WANTS TO PROTECT SMALL DEPOSITORS

An IMF agreement is seen as Lebanon’s only path to accessing aid from foreign donors who are demanding reforms to address the root causes of the collapse, including state corruption and waste.

“We will be very lucky if we finish before new year,” Mikati said when asked about how long it might take to reach an IMF deal.

“We will be lucky if we put the main framework (by then).”

Mikati formed a government after a year of political deadlock that compounded an economic meltdown that has propelled three quarters of Lebanon’s population into poverty and seen its currency plummet by more than 90%.

Savers have been frozen out of the paralyzed banking system, being forced to take a hair-cut of as much as 80% of the value of their deposits on withdrawals.

“I want to protect the depositor as much as possible, the small depositors, I need to see how we can do that, this is what I’m trying to do,” Mikati said.

“The inclination is definitely to protect the small depositors who have between $50,000 to $70,000 accounts, and these will take their money in dollars for sure.”
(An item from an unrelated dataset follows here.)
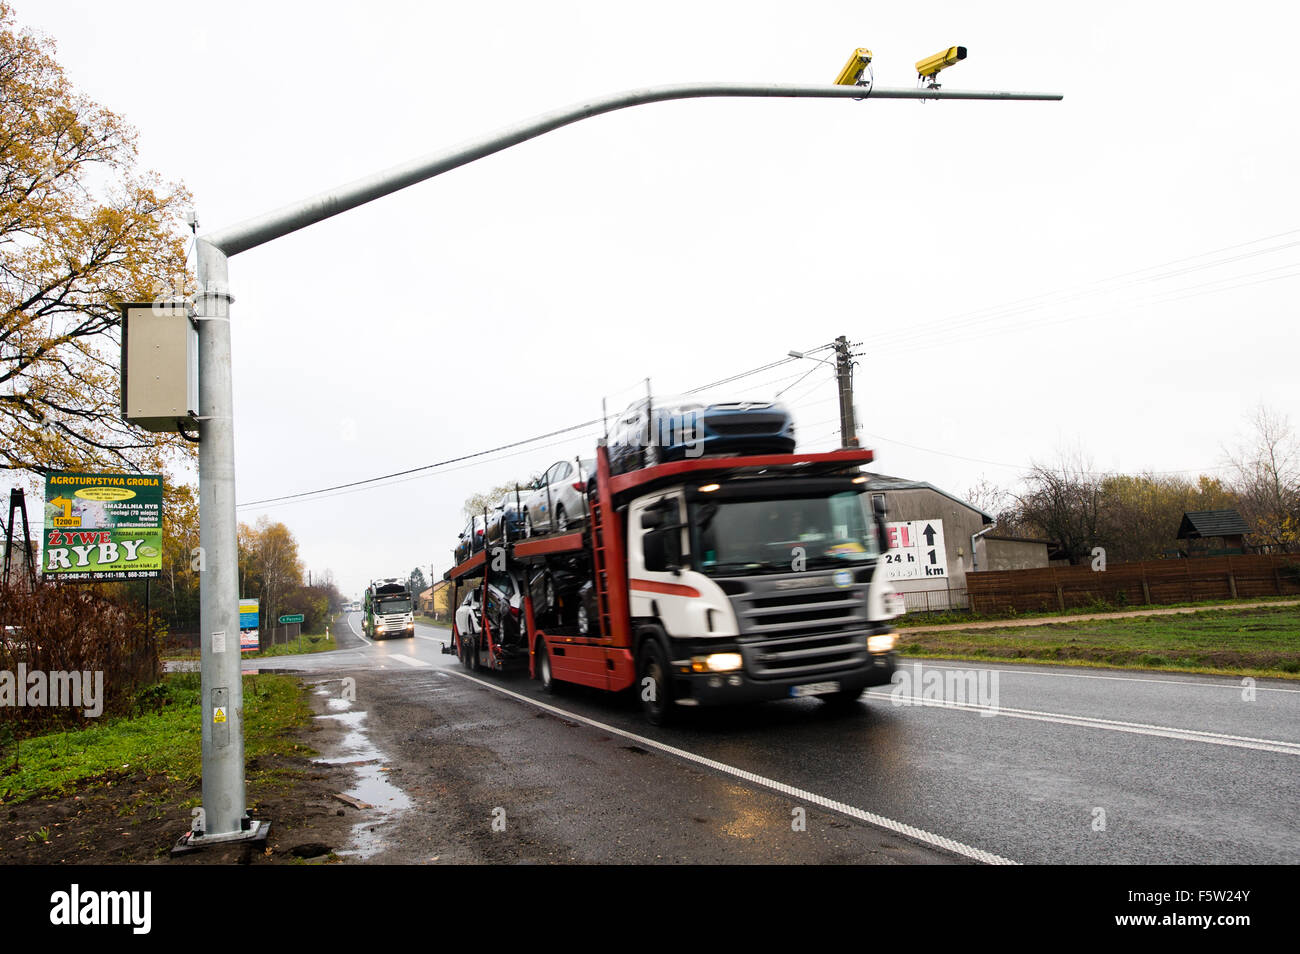 Kluki, Poland. 9th November 2015. Average speed cameras mounted on national road in Kluki, Poland. Credit:  Marcin Rozpedowski/Alamy Live News Stock Photo

Since taking office, Mikati – a Sunni Muslim – has said he will not allow Lebanon to be used as a platform for actions against other Arabs, implicit criticism of the Iran-supported Shi’ite Muslim group Hezbollah, which backs his government.

But on Monday, Mikati said there was currently no plan for him to visit Saudi Arabia, which once spent heavily in Lebanon but has shunned it for years because of Hezbollah’s influence, and the matter of Lebanon’s Gulf ties was not discussed with French President Emmanuel Macron during a visit to Paris last week.